Data shown section start

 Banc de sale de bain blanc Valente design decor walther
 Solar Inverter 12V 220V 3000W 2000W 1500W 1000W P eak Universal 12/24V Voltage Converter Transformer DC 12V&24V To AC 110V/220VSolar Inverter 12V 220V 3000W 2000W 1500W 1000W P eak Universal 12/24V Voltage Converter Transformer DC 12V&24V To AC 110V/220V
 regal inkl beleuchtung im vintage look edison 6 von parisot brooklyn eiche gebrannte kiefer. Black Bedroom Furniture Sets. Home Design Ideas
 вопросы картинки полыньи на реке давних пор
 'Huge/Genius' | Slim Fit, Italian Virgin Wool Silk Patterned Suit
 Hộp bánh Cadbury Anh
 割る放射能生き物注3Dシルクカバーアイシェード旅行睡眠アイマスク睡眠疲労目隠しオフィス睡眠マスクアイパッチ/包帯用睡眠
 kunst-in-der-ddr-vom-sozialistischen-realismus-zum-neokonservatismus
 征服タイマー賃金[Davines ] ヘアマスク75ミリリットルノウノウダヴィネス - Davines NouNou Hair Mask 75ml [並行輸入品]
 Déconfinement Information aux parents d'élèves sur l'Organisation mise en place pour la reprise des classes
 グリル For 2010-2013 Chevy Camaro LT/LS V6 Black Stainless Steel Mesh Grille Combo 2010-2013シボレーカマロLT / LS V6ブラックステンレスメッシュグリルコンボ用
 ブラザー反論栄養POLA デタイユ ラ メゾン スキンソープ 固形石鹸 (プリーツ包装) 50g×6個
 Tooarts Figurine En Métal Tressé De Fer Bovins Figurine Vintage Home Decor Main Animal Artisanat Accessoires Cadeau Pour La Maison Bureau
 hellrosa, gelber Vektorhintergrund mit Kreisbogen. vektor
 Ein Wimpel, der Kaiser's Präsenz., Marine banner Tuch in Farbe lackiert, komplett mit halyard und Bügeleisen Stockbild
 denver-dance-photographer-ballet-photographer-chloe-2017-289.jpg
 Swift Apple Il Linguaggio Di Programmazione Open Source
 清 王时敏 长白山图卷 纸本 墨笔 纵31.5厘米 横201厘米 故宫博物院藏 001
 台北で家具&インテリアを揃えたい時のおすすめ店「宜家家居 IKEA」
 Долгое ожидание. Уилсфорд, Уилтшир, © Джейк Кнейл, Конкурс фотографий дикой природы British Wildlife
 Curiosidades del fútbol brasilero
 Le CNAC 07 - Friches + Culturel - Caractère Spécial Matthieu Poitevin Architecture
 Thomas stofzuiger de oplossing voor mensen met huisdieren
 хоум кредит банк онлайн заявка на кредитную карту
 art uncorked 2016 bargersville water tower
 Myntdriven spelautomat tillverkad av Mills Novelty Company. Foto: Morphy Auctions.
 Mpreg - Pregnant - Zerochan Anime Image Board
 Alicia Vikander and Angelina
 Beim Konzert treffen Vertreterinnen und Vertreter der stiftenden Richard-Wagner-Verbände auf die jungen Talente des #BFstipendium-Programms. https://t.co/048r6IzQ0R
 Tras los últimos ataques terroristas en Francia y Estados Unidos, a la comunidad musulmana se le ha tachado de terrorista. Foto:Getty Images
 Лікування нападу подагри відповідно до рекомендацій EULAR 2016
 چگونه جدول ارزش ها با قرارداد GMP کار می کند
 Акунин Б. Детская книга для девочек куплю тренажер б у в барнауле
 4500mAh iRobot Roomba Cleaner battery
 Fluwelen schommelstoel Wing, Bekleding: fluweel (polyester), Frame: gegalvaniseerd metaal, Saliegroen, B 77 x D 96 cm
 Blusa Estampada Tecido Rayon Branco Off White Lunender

Data shown section end

▸ Goal of the exercise
Please return, exactly as written, the line containing "Акунин Б. Детская" and every line after it through the end of the records above, and nothing else.

▸ Output for this task
 Акунин Б. Детская книга для девочек куплю тренажер б у в барнауле
 4500mAh iRobot Roomba Cleaner battery
 Fluwelen schommelstoel Wing, Bekleding: fluweel (polyester), Frame: gegalvaniseerd metaal, Saliegroen, B 77 x D 96 cm
 Blusa Estampada Tecido Rayon Branco Off White Lunender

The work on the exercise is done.